Obgleich durch Blutverlust geschwächt, gerät Don Pietro in Tollwut. Er möchte dem Rex Seraphicus an die Gurgel springen, er möchte an ihm und am Bargello und an seinem Vater die Raserei auslassen. Doch noch ehe eine einzige der in ihm aufbrodelnden Beschimpfungen seine Lippen verläßt, wandelt sich seine Tollwut in Todesangst, die ihm eisig durch alle Adern rieselt und ihm die Kiefer klappern macht. Denn jählings hat er die Unlösbarkeit der Schicksalsverknotung begriffen: sein eigener Vater liefert ihn dem Blutgericht aus! – und er hat von seinem Vater ein Erbarmen so wenig zu erwarten wie von Faustina! ...

Die Lippen entfärbt, die Wangen leichenweiß, steht er von Schrecken geschüttelt da, schließt die Augen, sinnt.

Und dies ist, was er sinnt: Mich reinigen? Ich mich? Niemand außer Faustina kann mich vom Mordverdacht reinwaschen. Und darum bin ich verloren.

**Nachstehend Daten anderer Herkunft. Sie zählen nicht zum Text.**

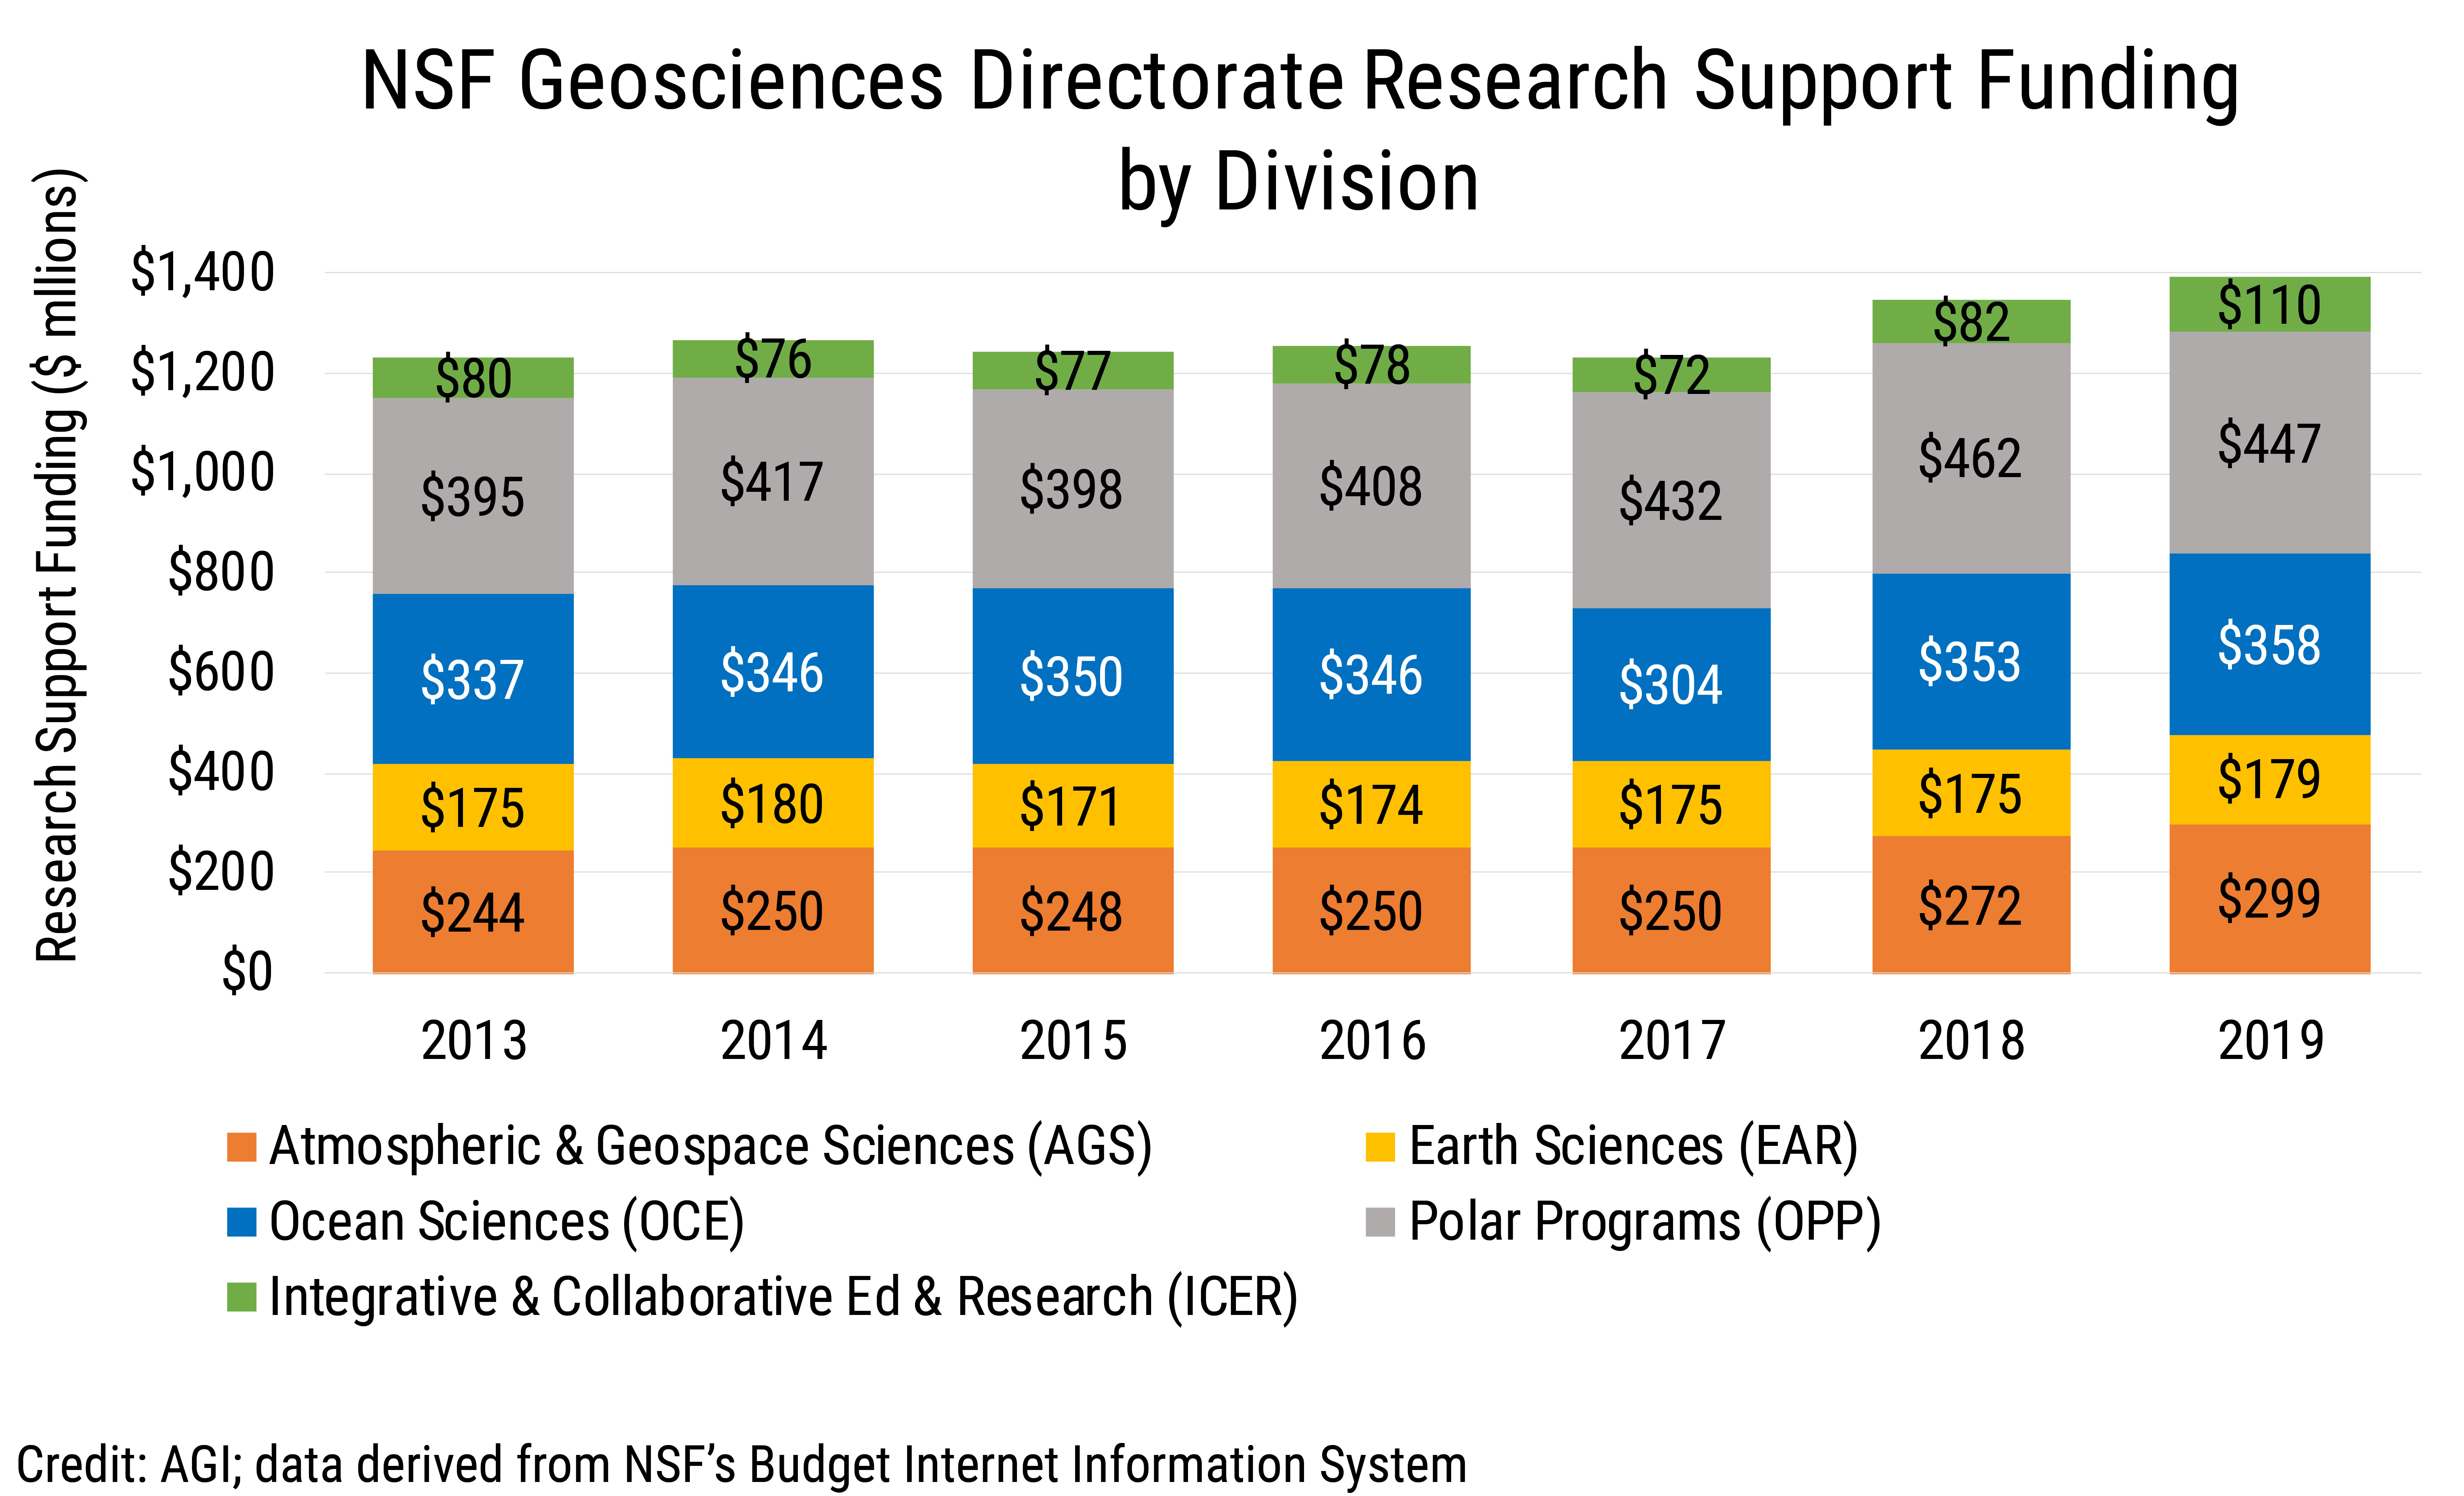 Data Brief 2020-001 chart 01: NSF Geosciences Directorate Research Support Funding by Division (credit: AGI; data derived from NSF BIIS)

Denn nie und nimmer wird Faustina öffentlich vor einem Gerichtshof zugeben, daß sie mit dem azurnen Schmetterling bemalt wurde. Aus Schamgefühl wird sie lügen und erst recht, weil sie mich haßt ...

Don Pietro öffnet die Augen, und ein feuchter Glanz blinkt an den Wimpern. Carlo, Noffo und Santi haben die Degen gezogen; wohl weiß er, daß sie für ihn sterben würden, falls er's verlangte ... Es wäre zwecklos, – rings senken sich zwanzig Hellebarden. Er winkt den Freunden ab.

Widerstandslos läßt er sich fesseln und zusammen mit Giuliano in die Torre di Nona, den Kerker der Schwerverbrecher, abführen.